3.4. Dynamic Thermomechanical Analysis (DMA)

Figure 7a,b shows the relationship between storage modulus (E’), loss factor (tan δ), and temperature of PA6/BC composites with different BC contents. Table 2 summarizes the main characteristic parameters from the DMA curves, including the maximum storage modulus (E’max), the on-point temperature of the storage modulus step-down (To), the peak loss modulus (E”p) and its corresponding temperature (TE”p), and the loss factor peak (Tan δp) and its corresponding temperature (glass transition temperature, Tg). The maximum storage modulus of pure PA6 was 2882.00 MPa. Then, with the increase in the BC content, the storage modulus of PA6/BC composites gradually increased and reached its maximum value (12844.00 MPa) at a BC content of 60 wt%; this value is 345.66% greater than that of pure PA6. This result indicated that the addition of BC leads to remarkable improvement in the rigidity of the PA6/BC composite. The higher the BC content, the more clear the improvement effect, mainly because high-temperature carbonized BC particles exhibit higher hardness and rigidity [37]. A large number of BC particles form a rich interface structure in the PA6 matrix via van der Waals bonds and mechanical adhesion, and the applied stress can be transferred to the high modulus BC particles, thereby increasing the storage modulus of the composites. Meanwhile, the loss modulus of the composites also gradually increased with the increase in the BC content. E”p increased from 220.00 MPa for pure PA6 to 892.00 MPa for PA6/BC60, which increased by 305.45%. Owing to the good mechanical adhesion between the PA6 molecular chain and BC particles, the mobility and relaxation of the PA6 molecular chain were restricted by the BC particles, and the restriction was stronger at a high BC content. Under external force, the BC particles and PA6 matrix rubbed against each other through the interface to consume energy, thereby increasing the energy consumption during the movement of the PA6 molecular chain as well as the loss modulus of the composites [39]. However, from the perspective of the loss factor, it slightly fluctuated with the increase in the BC content, indicating that with the increase in the BC content, the growth rates of loss modulus and storage modulus are not consistent; hence, the ratio (tan δ) fluctuates.

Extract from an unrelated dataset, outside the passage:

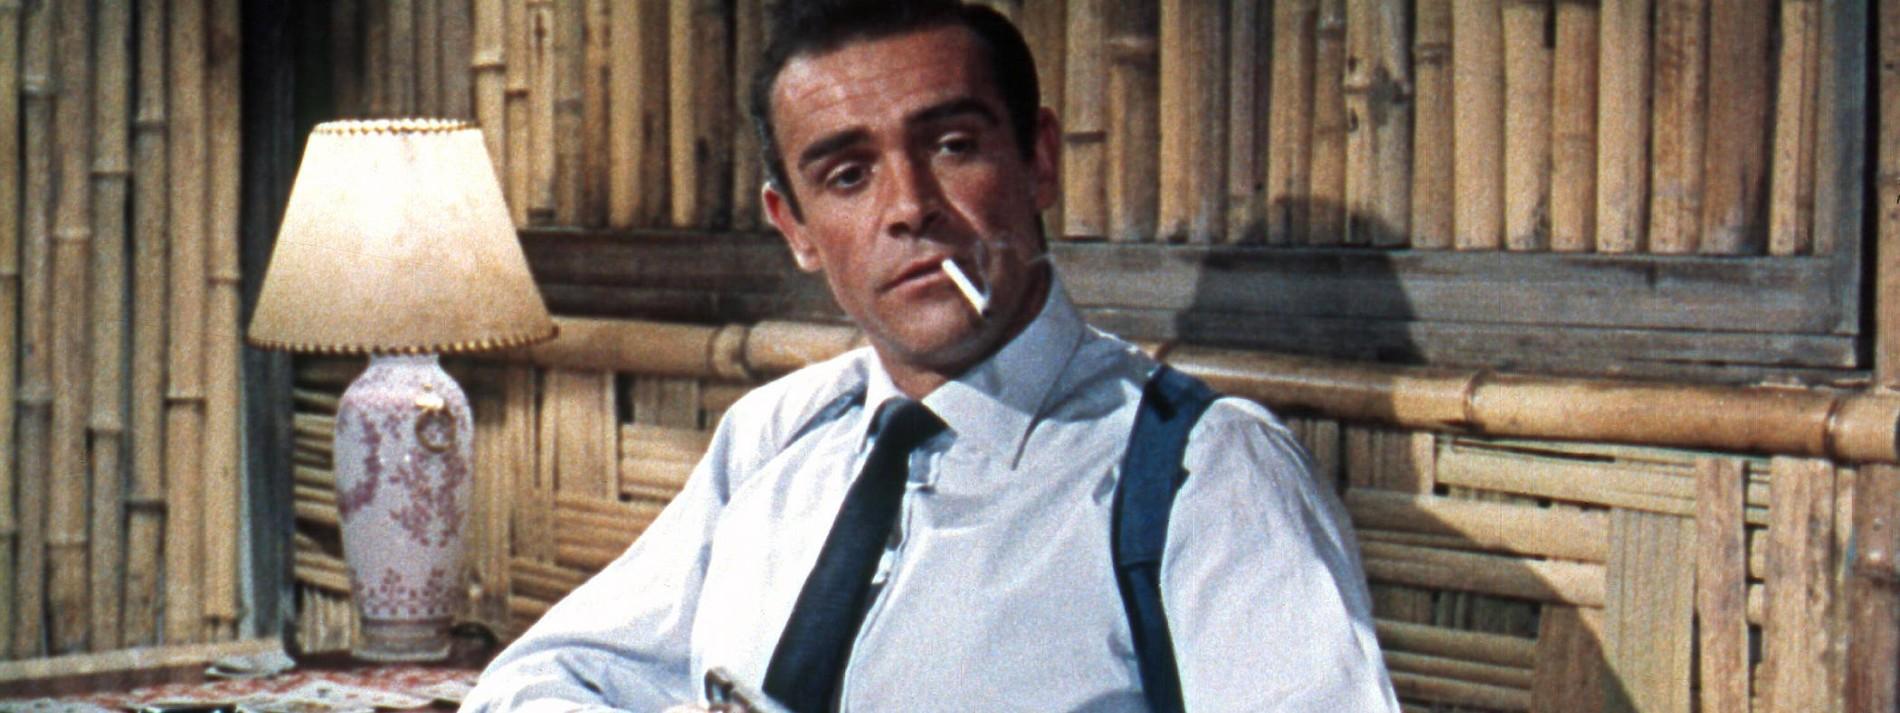 Der höfliche Mister Connery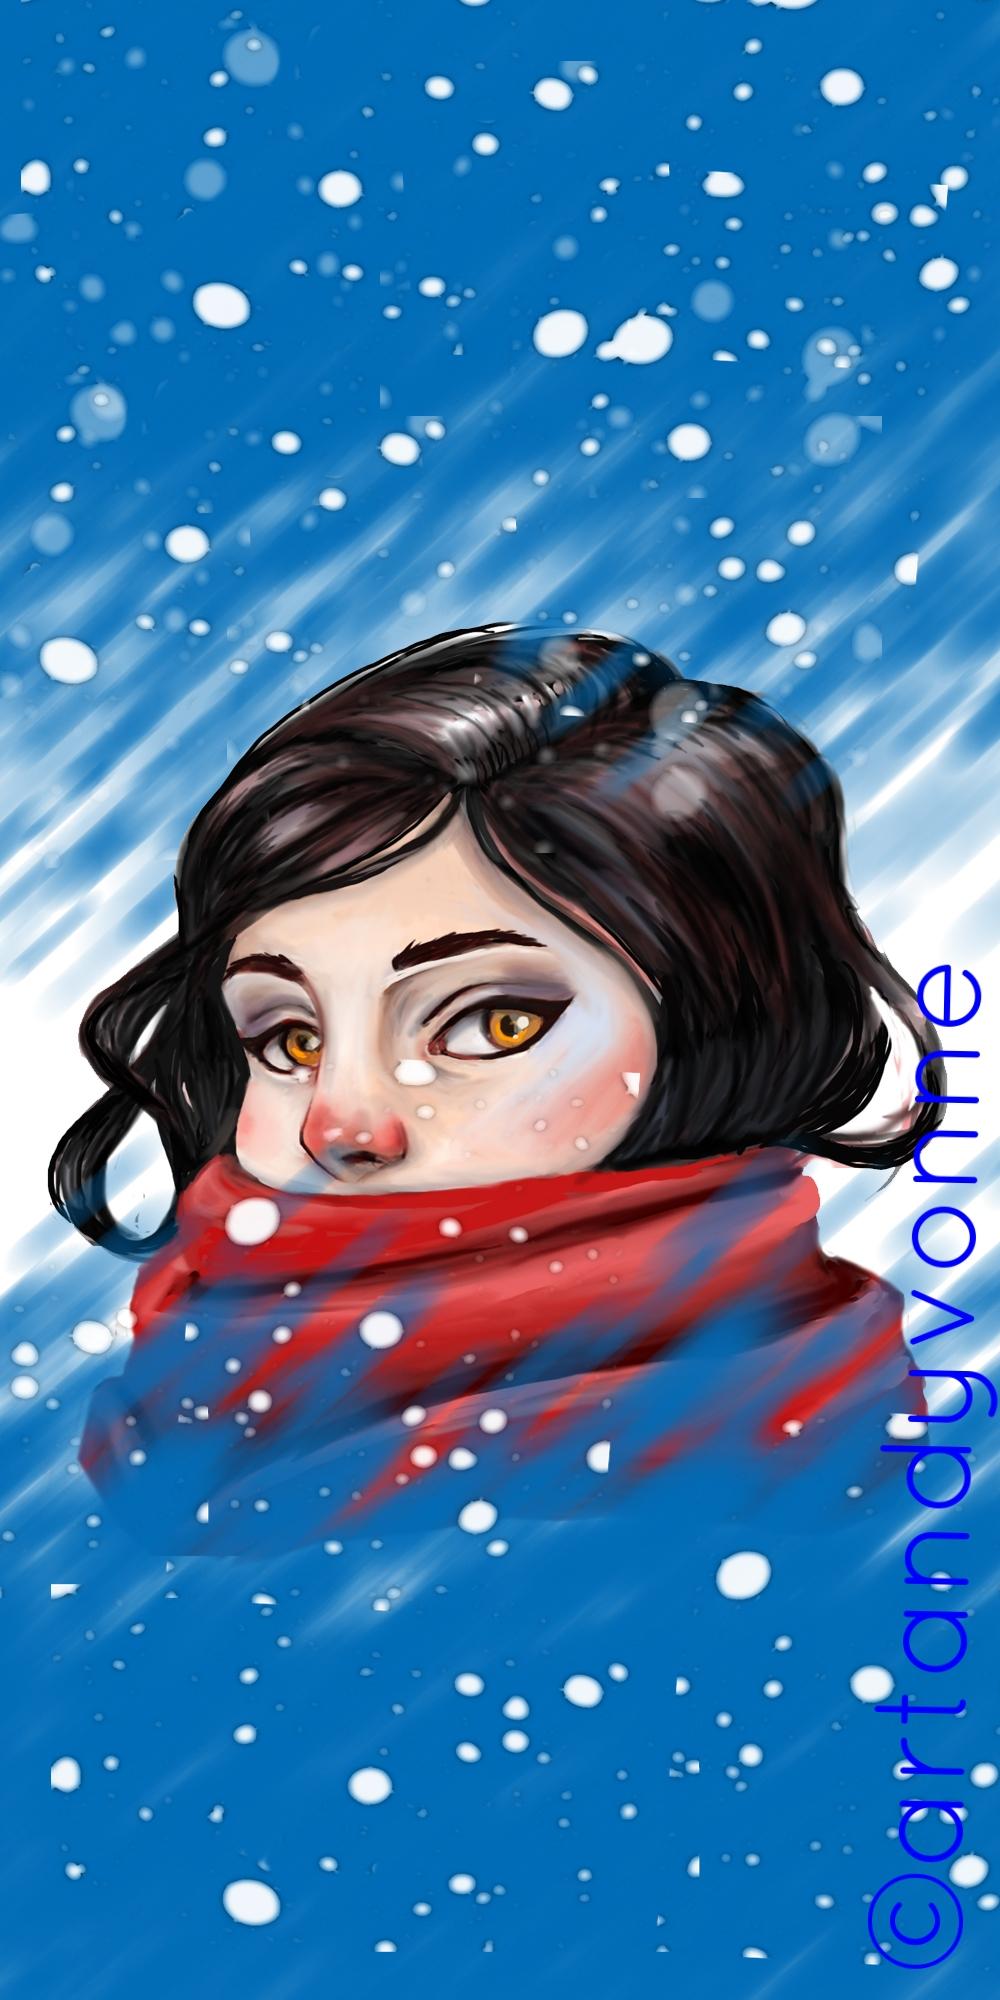 frostbite_byYvonneHo.jpg

In addition, as can be observed from Table 2, with the increase in the BC content, To, TE”p, and Tg gradually increased. The increased To indicated that the temperature required for the thermal movement of the PA6 molecular chain is increased and that the thermal stability of the PA6/BC composites is improved. Similarly, the increase in TE”p indicated that the energy required for the maximum internal friction of the composites increases with the increase in the BC content. The continuous increase in temperature is required to meet the thermal movement requirements of highly filled PA6/BC composites. The glass transition temperature (Tg) reflected the movement of the PA6 molecular chain in the amorphous region. Pure PA6 did not exhibit compatibility problems, and the molecular chain motion was not hindered; hence, Tg is observed at a low temperature. However, in the PA6/BC composite system, the BC particles restricted the movement of the PA6 molecular chain in the amorphous region, which required a high energy and free volume to complete the glass transition, and this limitation increased with the increase in the BC content. Therefore, Tg increases with the increase in the BC content.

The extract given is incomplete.